In light of the continued U.S. military action in the Middle East and other areas of the world, employers must be aware of -- and meet their obligations under -- the Uniformed Services Employment and Reemployment Act of 1994 (USERRA).
USERRA applies to all employers, regardless of size. Even if a company has only one employee, it must comply with USERRA.
The law sets forth numerous obligations of employers relative to employees taking military leave, including entitlements to benefits during a USERRA-protected leave of absence, as well as reemployment rights at the conclusion of service. USERRA also prohibits discrimination and retaliation against any employee or applicant for employment because of current or f ormer application for, or membership in, uniformed service.
Military leave provisions were enhanced in 2008 by the enactment of the National Defense Authorization Act (“NDAA”), which included two important amendments to the Family and Medical Leave Act ( “FMLA”). The FMLA now allows the spouse, son, daughter, parent, or next of kin of a member of the Armed Forces to take up to 26 workweeks of leave to care for that member of the Armed Forces, including the National Guard or Reserves if certain conditions apply.

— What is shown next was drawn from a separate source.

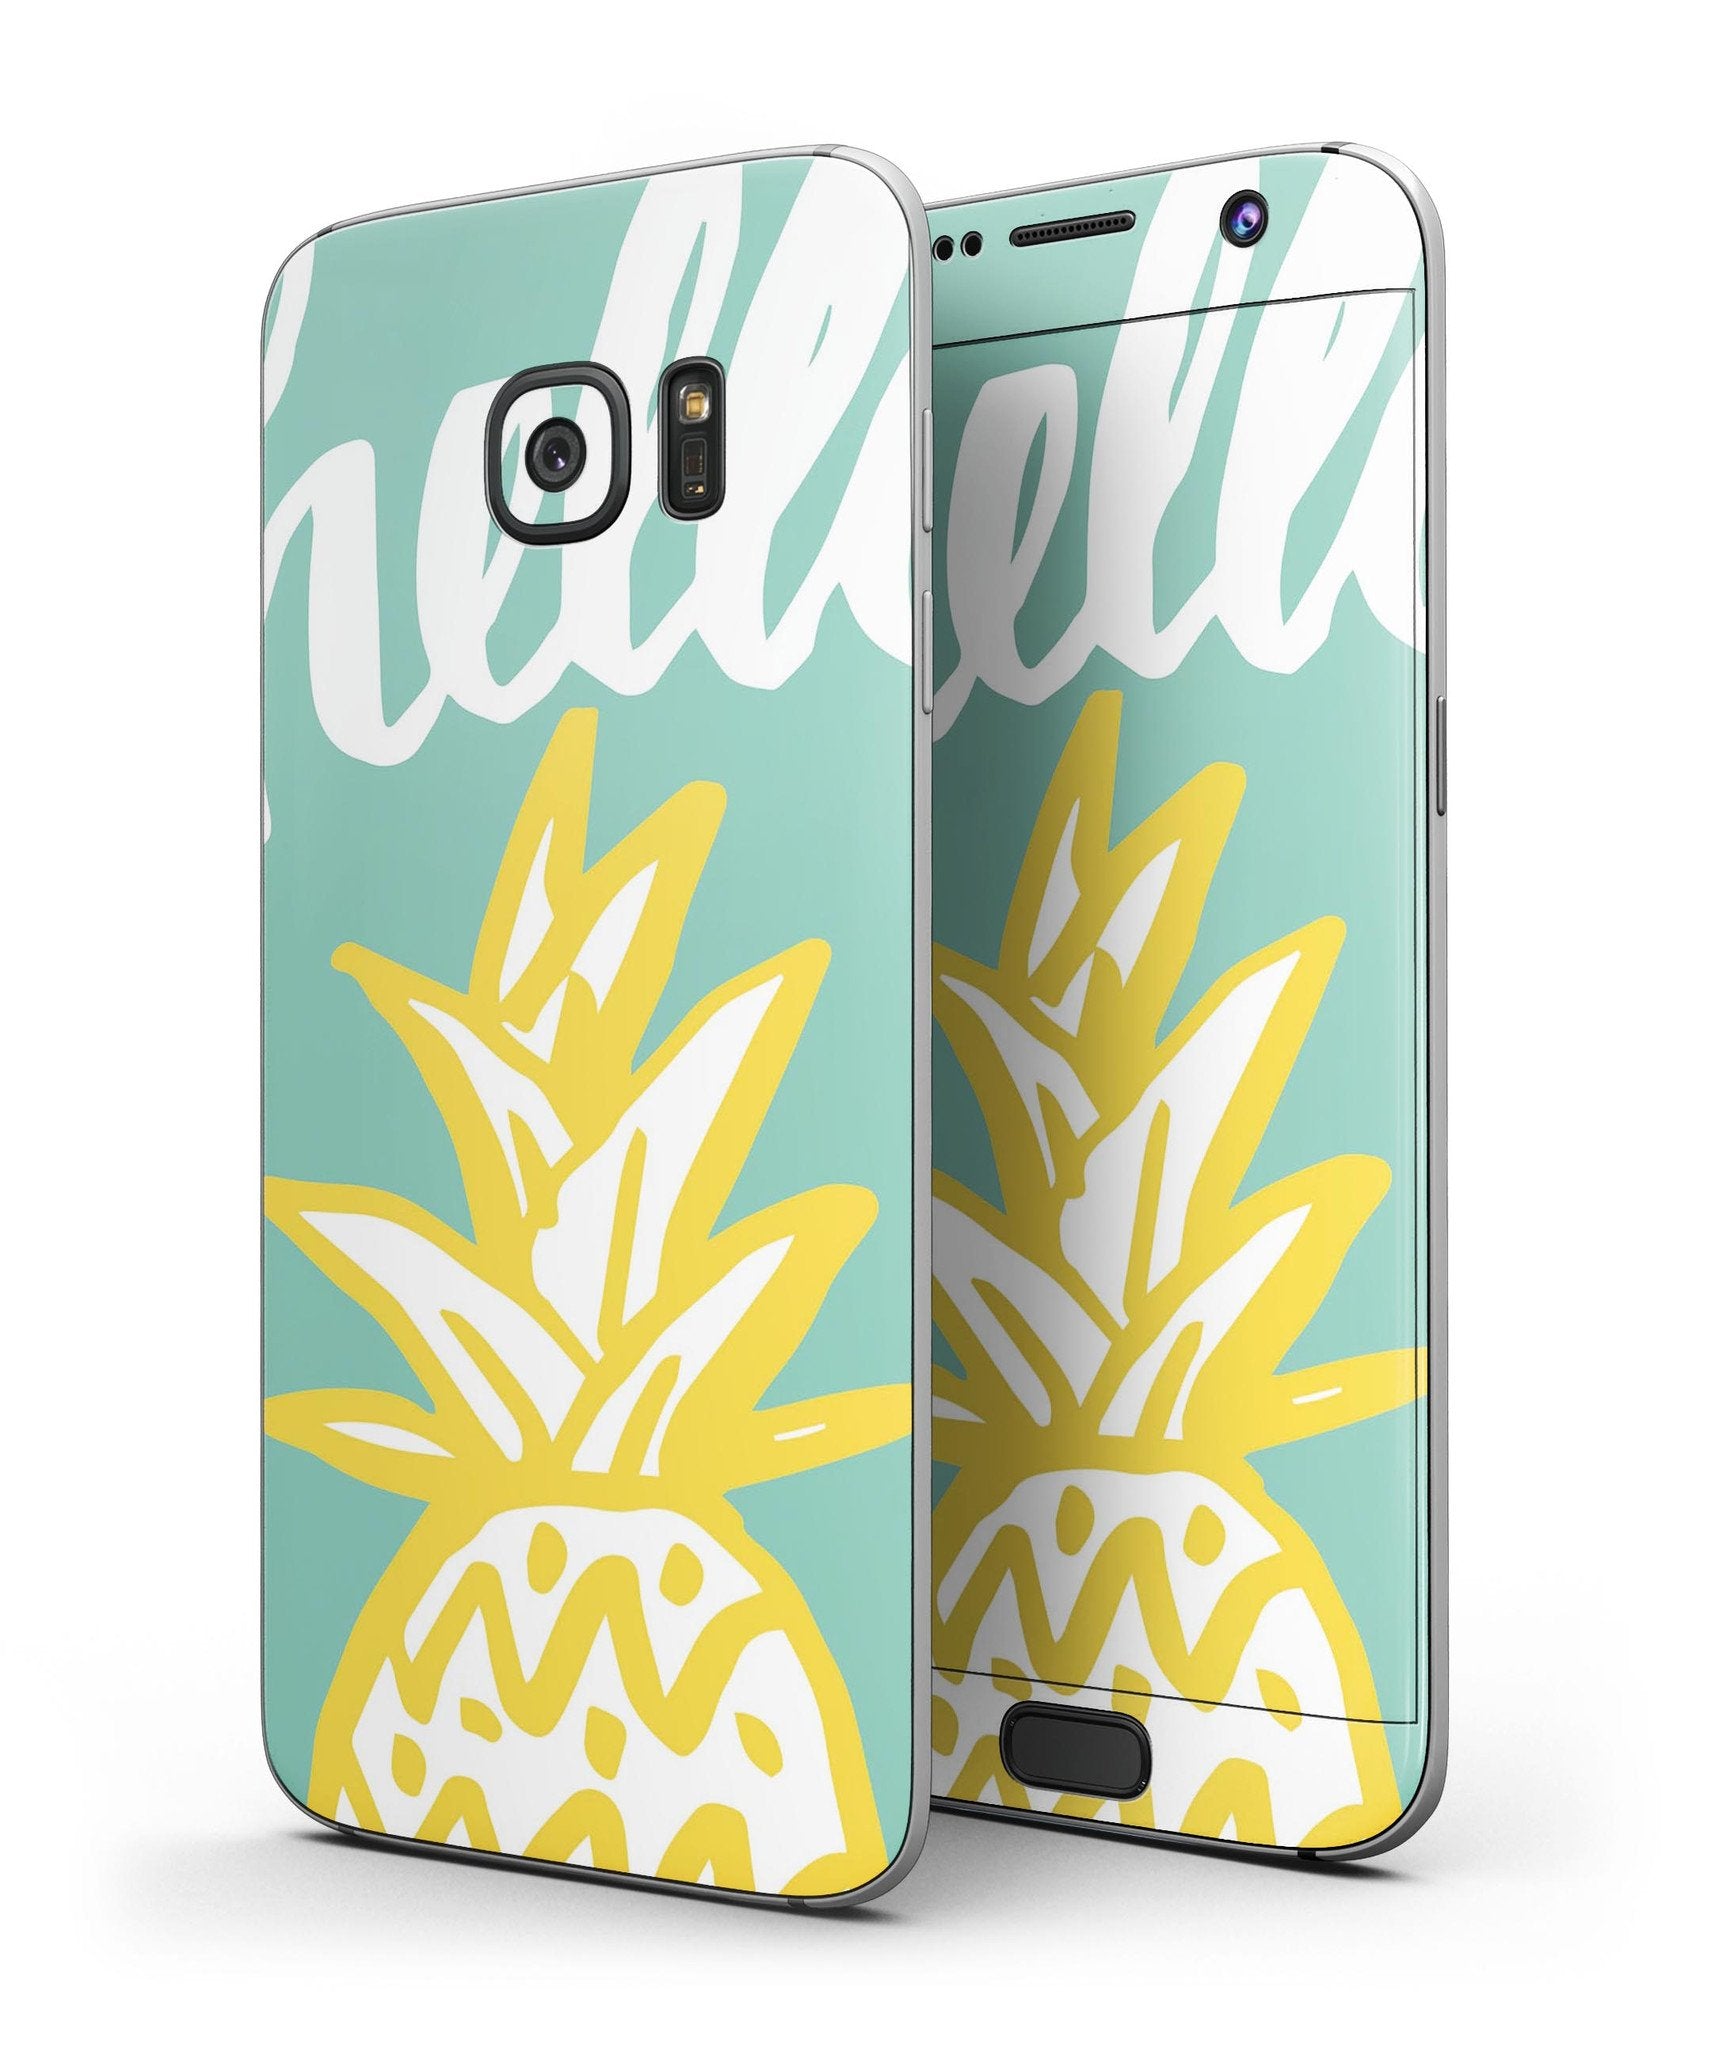 Well Hello Pineapple - Full Body Skin-Kit for the Samsung Galaxy S7 or | Blue Leto

Those would include, for example, if the relative were undergoing medical treatment, recuperation, or therapy, or is an outpatient or is on temporary disability related to a serious injury or illness.
The second change to the FMLA is the addition of a provision that allows employees to take up to 12 workweeks of protected leave to deal with emergencies or necessities arising out of a family member’s active duty in the military.
As with the basic provisions of the FMLA, the guidelines must be met and there must be a qualifying event. In addition, if your business manual has a Family and Medical Leave Act provision, the manual must be revised to include details about military-related leaves. Finally, all businesses must have a USERRA posting.